Foods that contain a mix of ingredients to make food palatable and enhance consumption are often called “hyper-palatable” by researchers. These are often processed foods or sweets with alluring combinations of fat, sugar, carbohydrates, and sodium. Research published in the journal Obesity and presented at the Seventh Annual Obesity Journal Symposium at ObesityWeek offers specific metrics that might qualify foods as hyper-palatable.

Researchers at the University of Kansas (KU) sought to define criteria for hyper-palatable foods by conducting a literature review, then using nutrition software and applying their definition to 7,757 food items in the U.S. Department of Agriculture’s (USDA) Food and Nutrient Database for Dietary Studies (FNDDS).

“We essentially took all of the descriptive definitions of the foods from the literature—for example, Oreos or mac and cheese—and we entered these one by one into a nutrition program that is very careful in how it quantifies a food’s ingredients,” said lead author Tera Fazzino, assistant professor of psychology at KU and associate director of the Cofrin Logan Center for Addiction Research and Treatment at KU’s Life Span Institute. “This nutrition software essentially provides in fine-grained detail a data set that specifies how many calories per serving are in this food, and how much fat, sodium, sugar, carbohydrates, fiber, and all sorts of other things.”

The team looked for items that met criteria established by their literature review as enhancing palatability, specifically where “the synergy between key ingredients in a food creates an artificially enhanced palatability experience that is greater than any key ingredient would produce alone.”

They identified these synergies with specific values applied to three “clusters”—combinations of fat and sodium (such as hot dogs or bacon); combinations of fat and simple sugars (like cake, ice cream, and brownies); and combinations of carbohydrates and sodium (such as crackers, pretzels, and popcorn).

“Essentially, we wanted to identify foods that appear to cluster together with what appeared to be like similar levels of at least two ingredients, because that’s the theoretical basis for inducing the synergistic palatability effect,” said Fazzino. “Through a visualization process, we were able to see there were essentially three types of foods that appeared to cluster together in terms of their ingredients.”

Once the researchers were able to quantify characteristics of hyper-palatability, they applied their definition to foods cataloged in the FNDDS. They hoped to discover how prevalent hyper-palatable foods have become in the American diet.

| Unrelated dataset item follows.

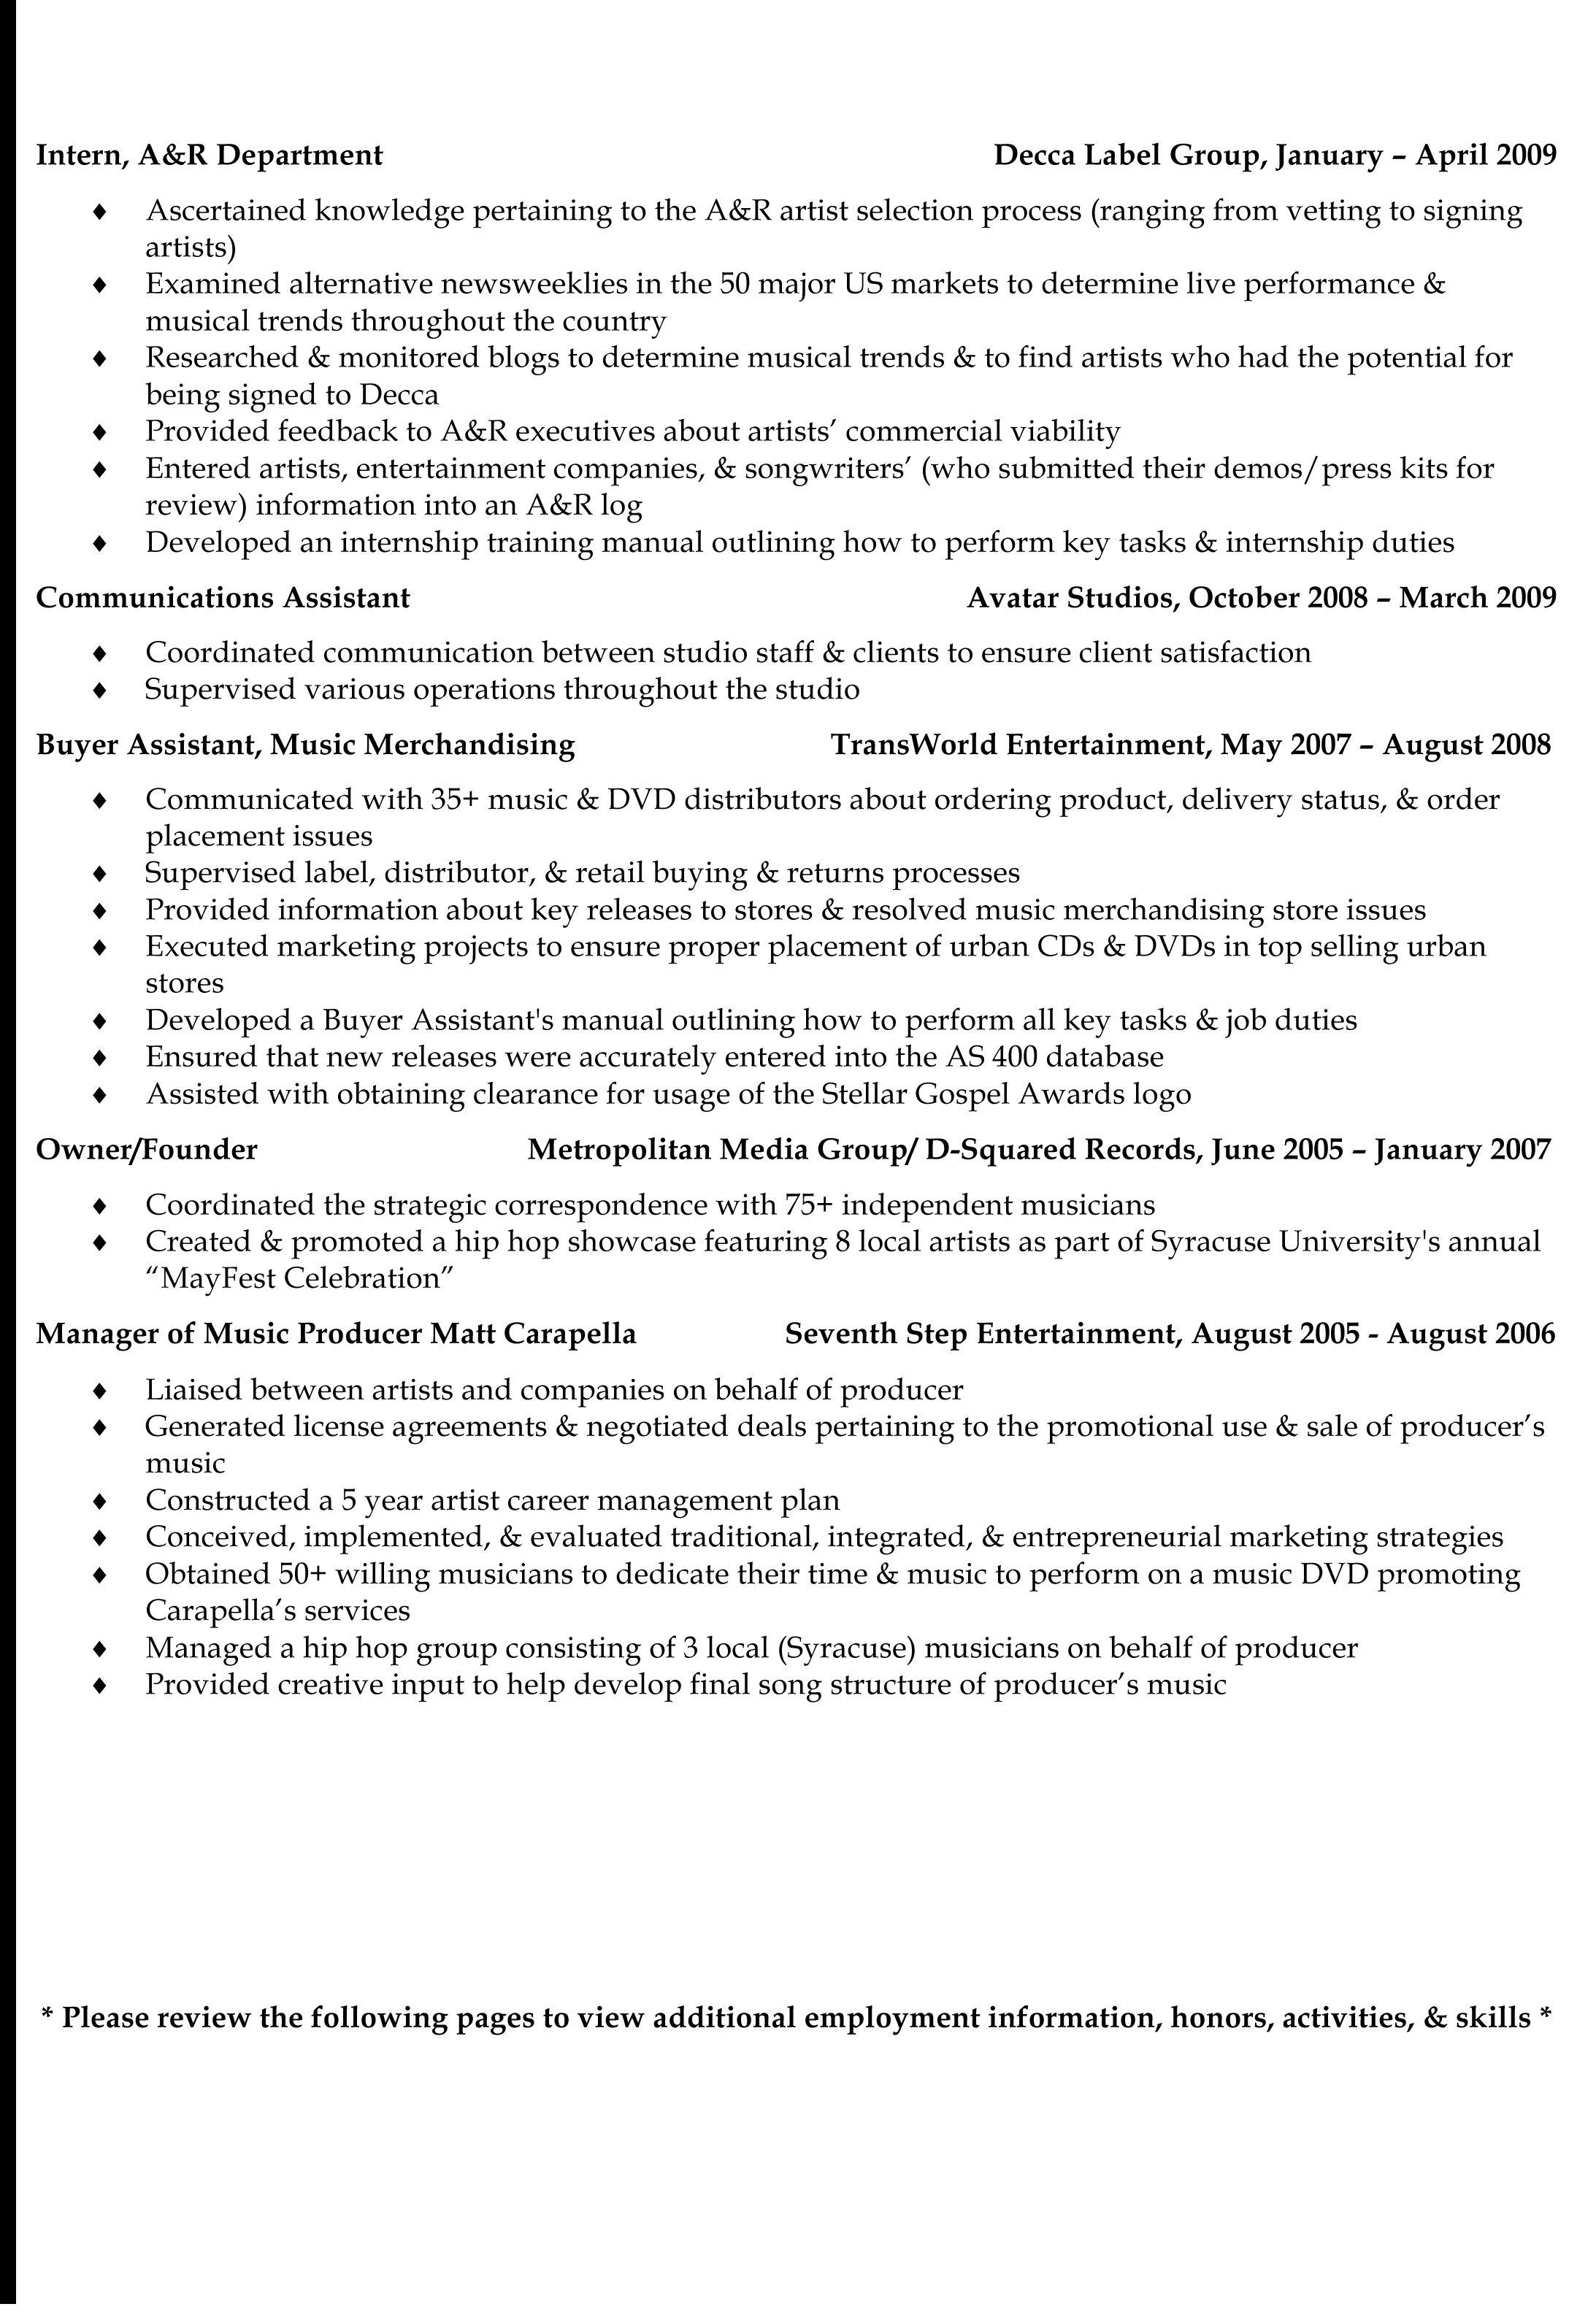 Kathryn Sano S Events Marketing Resume Page 4 Kathryn N

They found that 62% of foods in the FNDDS met the criteria for at least one of the three clusters they’d identified. Most (70%) of those foods that qualified were high in fat and sodium, such as meat dishes or egg- and milk-based foods like omelets or cheese dips. Some 25% of the hyper-palatable foods were high in fat and sugar, and 16% of these foods were high in carbohydrates and sodium. Less than 10% qualified in more than one cluster.

“We need more evidence—but eventually if research begins to support that these foods may be particularly problematic for society, I think that could warrant something like a food label saying, ‘this is hyper-palatable,’” said Fazzino. “We might even think about the restriction of certain types of foods that are available in certain places—for example, in elementary school cafeterias for kids whose brains are still developing and who may be impacted by these types of foods.”